### [What you are asked to do]
All of the data that follows should be given again exactly, without its images.
+++ Given data
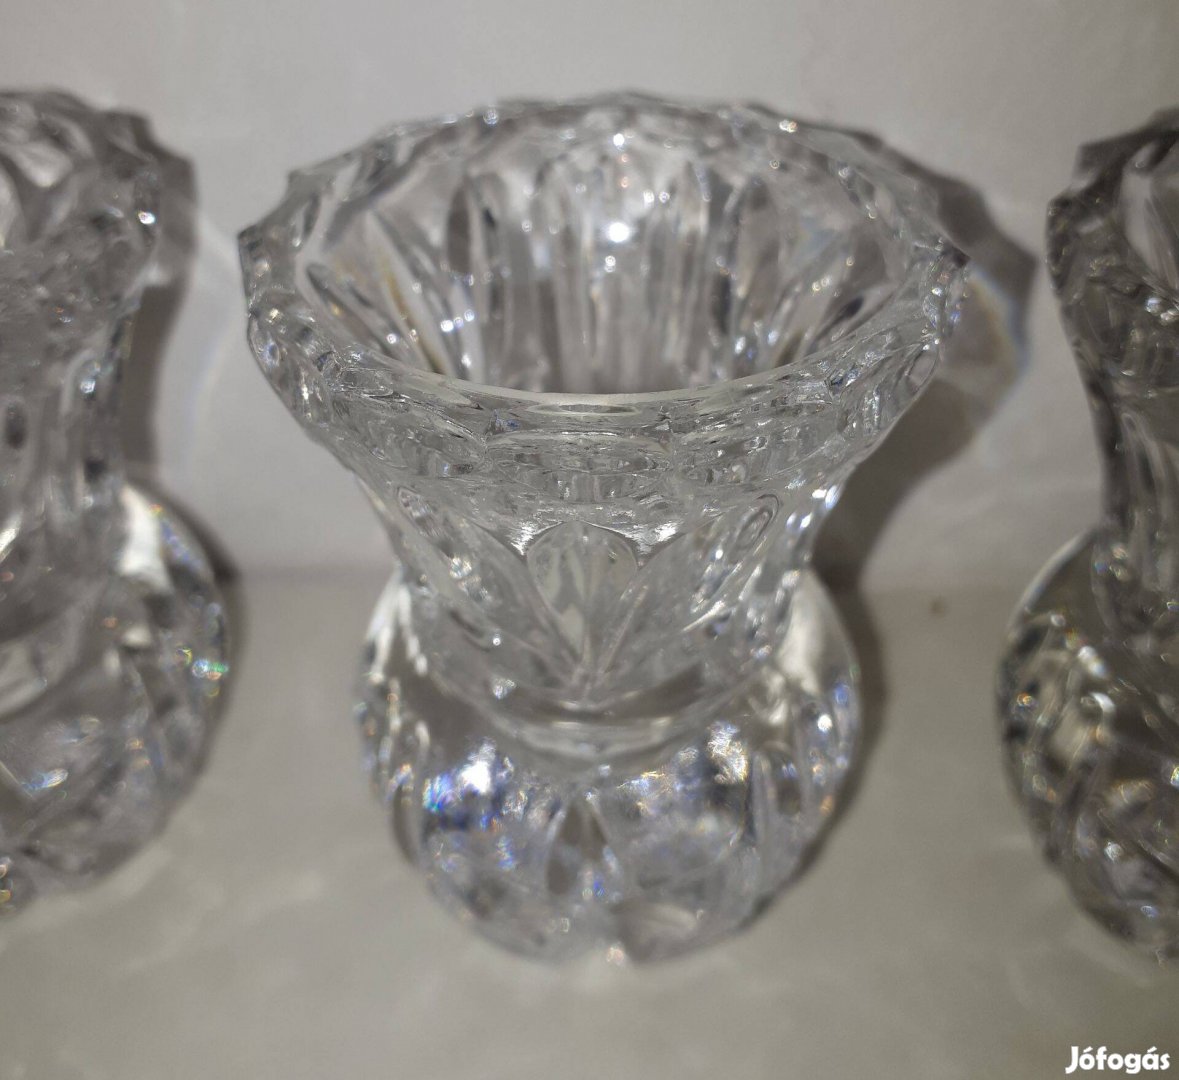 Kristály üveg ibolya váza 6 cm magas 800 ft darabonként
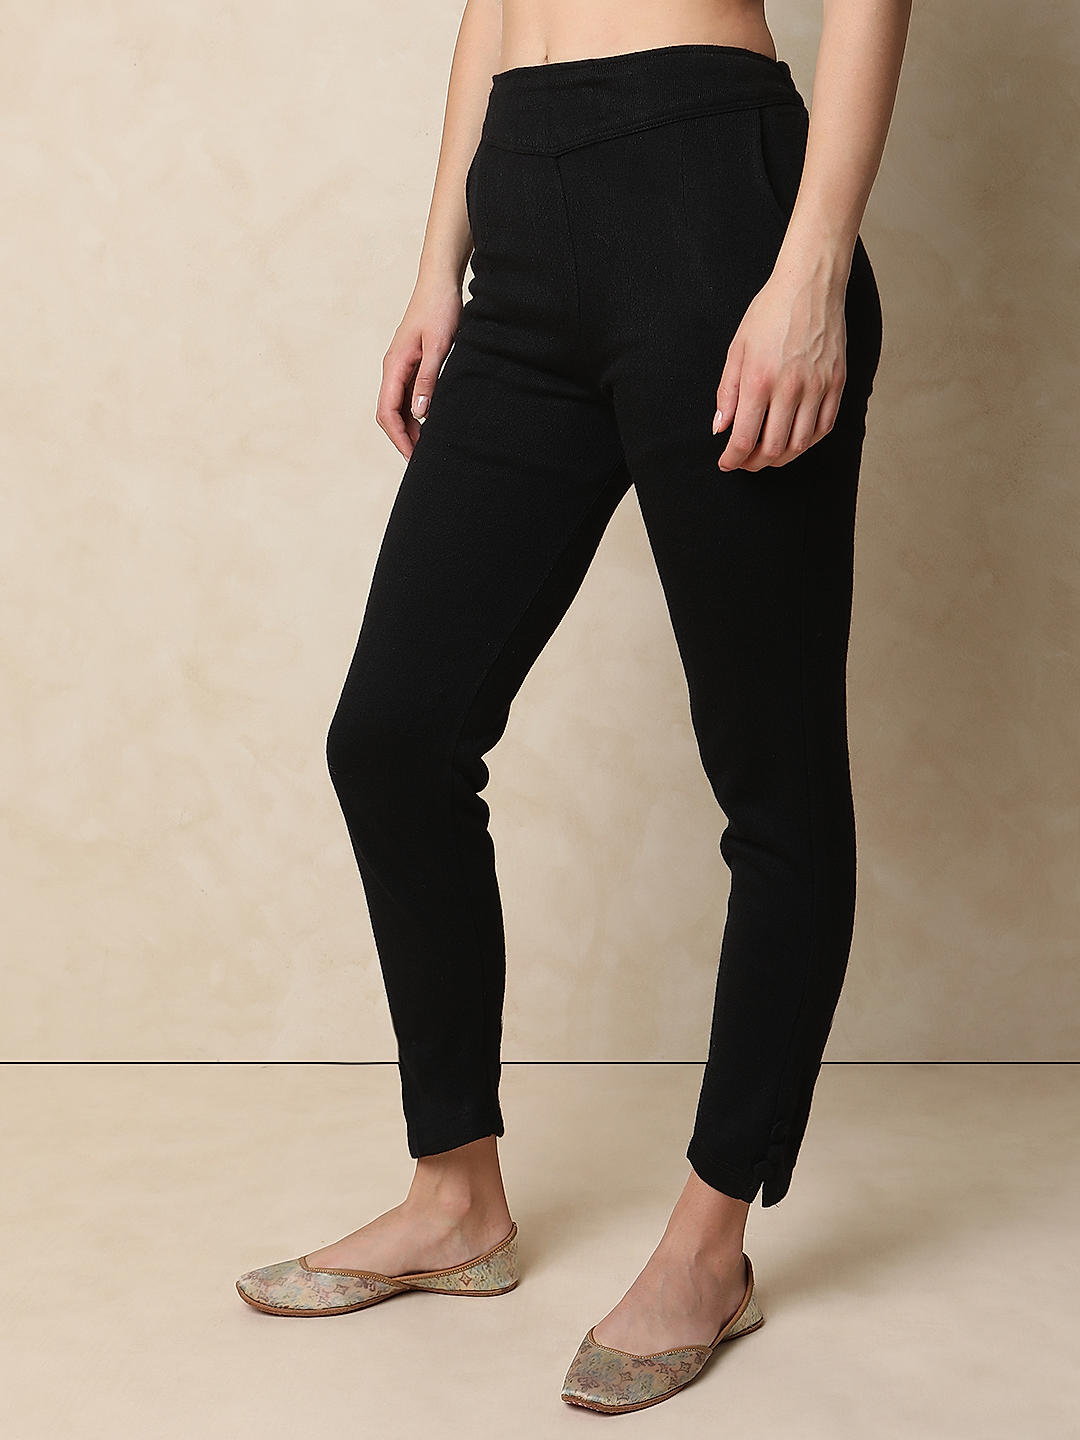 ZHCWT Pants Women Wide-Leg Pants Autumn Winter Woolen Pants Lattice Trousers  High Waist Pants Plus Size Women Culottes (Color : B, Size : XXXX-Large)  price in UAE | Amazon UAE | kanbkam
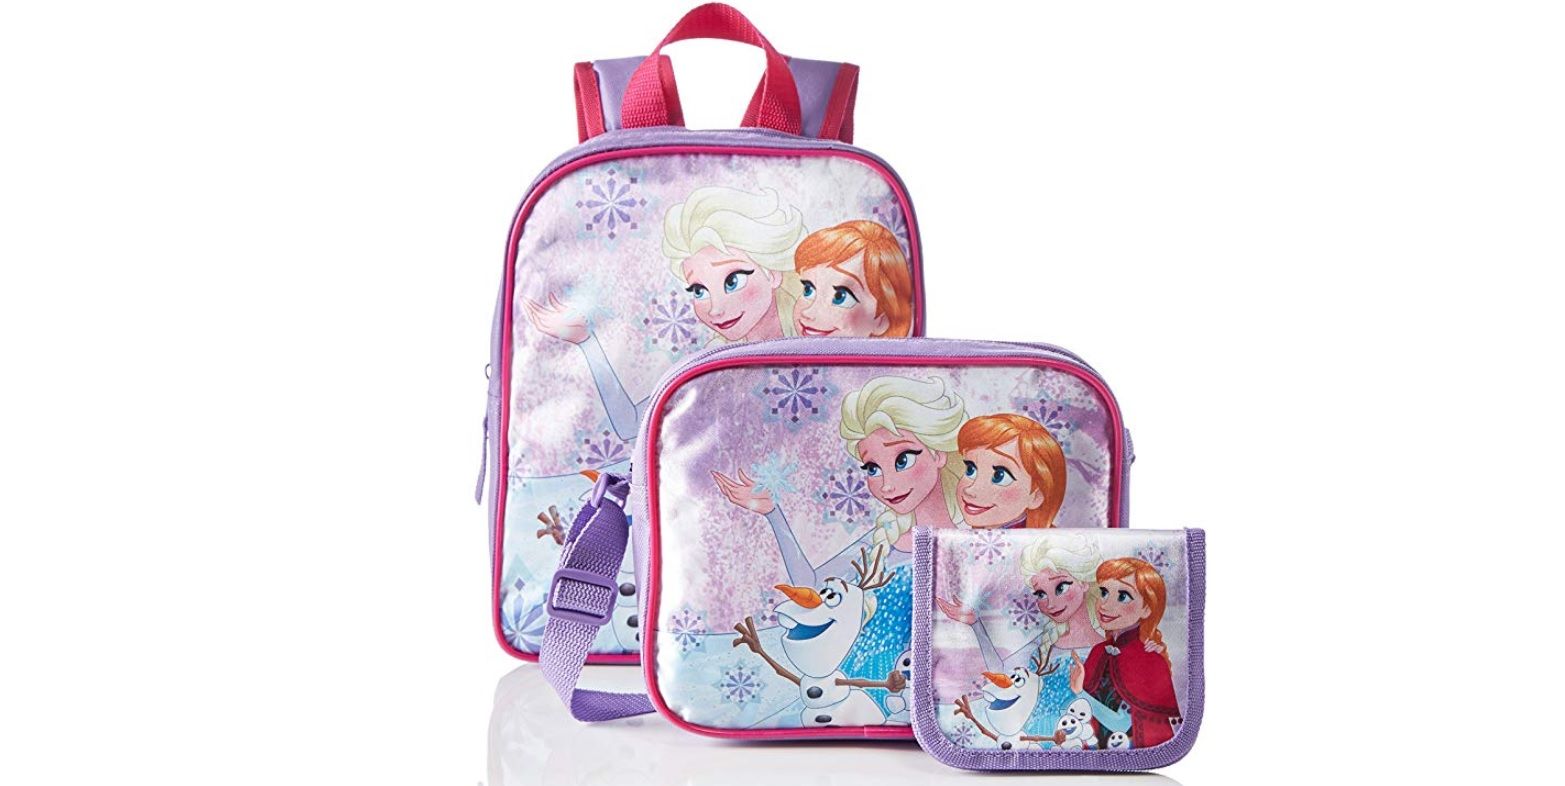 ¡Chollazo! Pack de mochila de 3 piezas de Frozen por sólo 6,02€ ¡Ahorro de más de 13€!
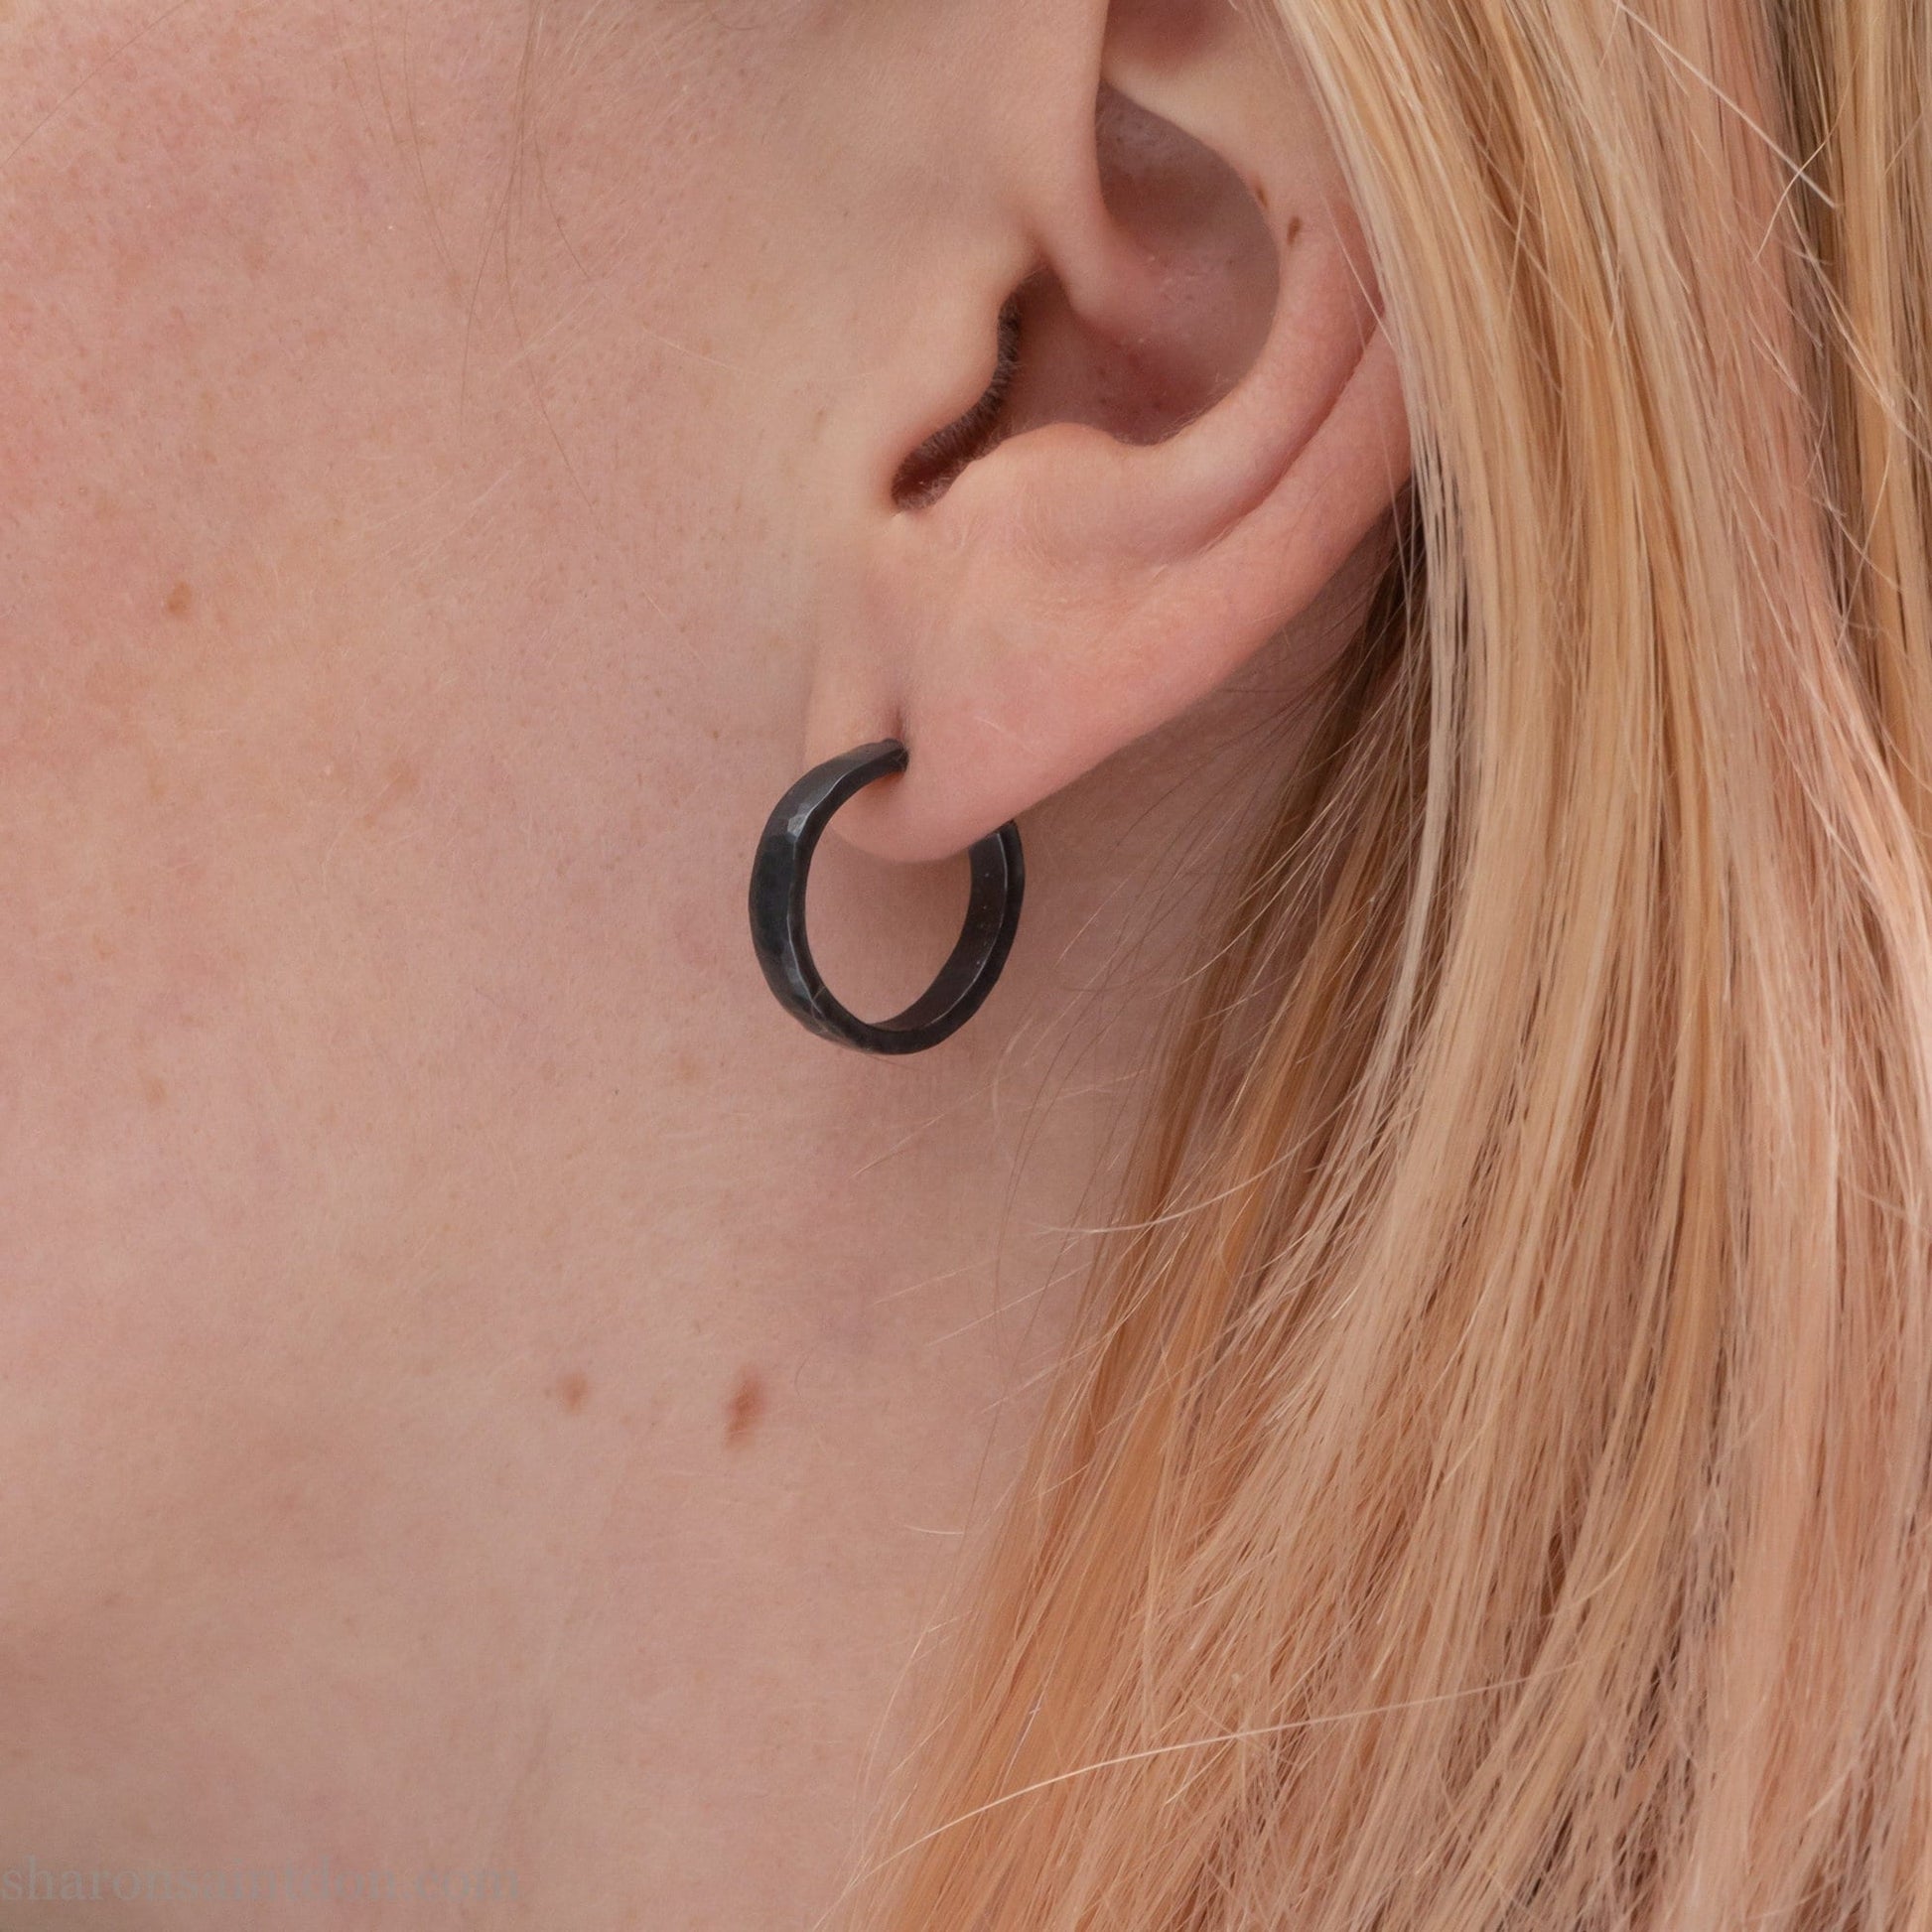 16 x 3mm 925 sterling silver hoop earrings, oxidized black.
++++++
### [Written answer]
 Kristály üveg ibolya váza 6 cm magas 800 ft darabonként
 ZHCWT Pants Women Wide-Leg Pants Autumn Winter Woolen Pants Lattice Trousers  High Waist Pants Plus Size Women Culottes (Color : B, Size : XXXX-Large)  price in UAE | Amazon UAE | kanbkam
 ¡Chollazo! Pack de mochila de 3 piezas de Frozen por sólo 6,02€ ¡Ahorro de más de 13€!
 16 x 3mm 925 sterling silver hoop earrings, oxidized black.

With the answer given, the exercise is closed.